Manugistics Group, Inc.
2115 East Jefferson Street
Rockville, MD  20852

Re:     Manugistics Group, Inc. Fifth Amended and Restated 
          Employee Stock Option Plan
        Manugistics Group, Inc. 1994 Outside Directors 
        Non-Qualified Stock Option Plan 
        Registration Statement on Form S-8                

Ladies and Gentlemen:

        As counsel for Manugistics Group, Inc., a Delaware corporation (the
"Company"), we have been asked to render our opinion with respect to certain
matters relating to the offer and sale of a total of up to an additional
1,080,000 shares of the Company's Common Stock, par value $.002 per share (the
"Additional Shares"), which are or may become issuable upon exercise of options
granted or which may be granted pursuant to: (i) the Company's Fifth Amended
and Restated Employee Stock Option Plan, as amended (the "ESOP") - 1,000,000 of
the Additional Shares; and (ii) the Company's 1994 Outside Directors
Non-Qualified Stock Option Plan, as amended (the "Outside Directors Plan") -
80,000 of the Additional Shares. (The number of Shares which may be purchased
upon exercise of each option is subject to adjustment from time to time as set
forth in such option or the relevant plan.)

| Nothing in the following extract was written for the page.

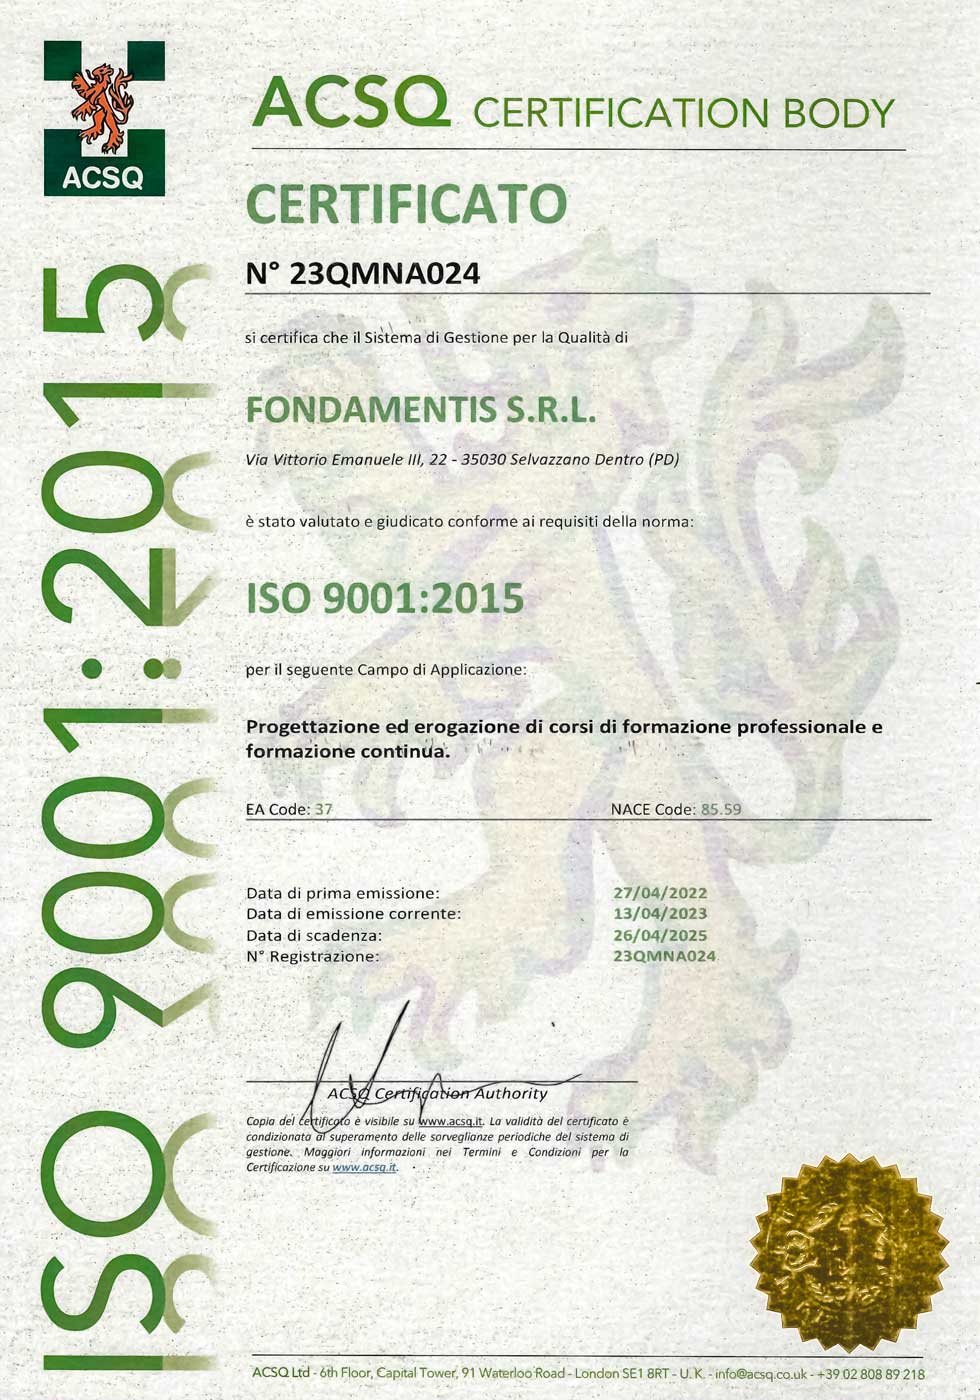 Formazione professionale certificata ISO 9001:2015 ACSQ
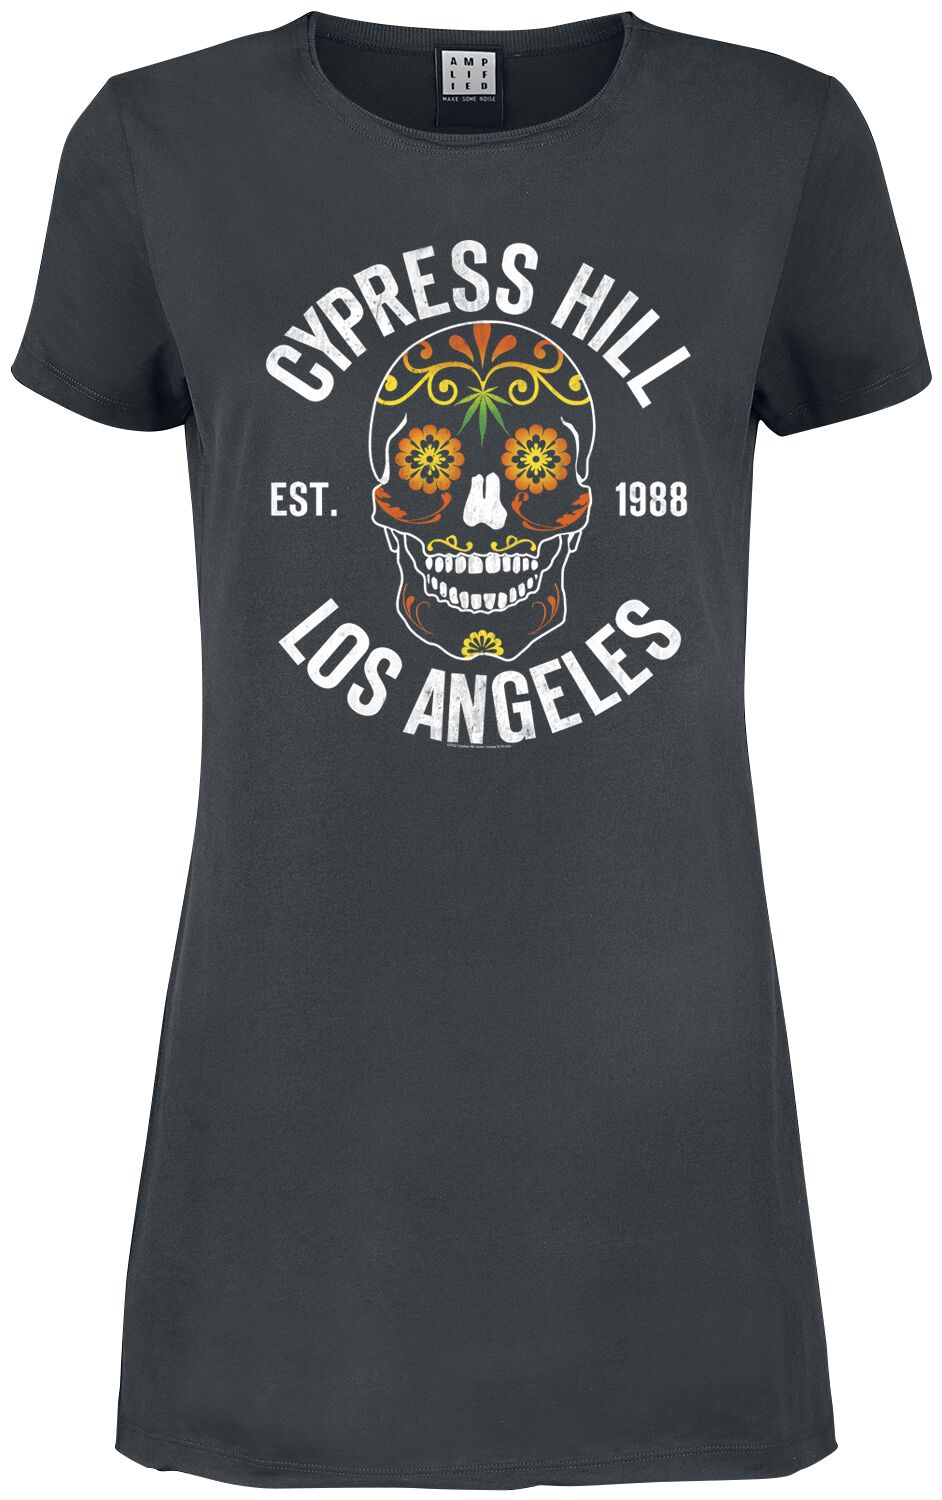 Cypress Hill Kurzes Kleid - Amplified Collection - Floral Skull - XS bis XXL - für Damen - Größe XXL - charcoal  - Lizenziertes Merchandise!

        The Additional Shares are the subject of a Registration Statement on
Form S-8 which the Company intends to file with the Securities and Exchange
Commission under the Securities Act of 1933, as amended (the "Act"), on or
about October 2, 1997.  (Said Registration Statement on Form S-8 is referred to
hereinafter as the "Registration Statement.")

        The Registration Statement incorporates by reference the contents of
the Company's: (a) Registration Statements on Form S-8 Nos. 33-67994, 33-98820
and 33-09481, relating to the shares of the Common Stock issued or issuable
under the ESOP and (b) Registration Statement No. 33-89492, relating to the
shares of Common Stock issued or issuable under the Outside Directors

<PAGE>   2
DILWORTH, PAXSON, KALISH & KAUFFMAN LLP                                   PAGE 2
TO: MANUGISTICS GROUP, INC.     

Plan. (These Registration Statements are referred to below as the
"Incorporated Registration Statements.")  We understand that the Incorporated
Registration Statements remain in full force and effect.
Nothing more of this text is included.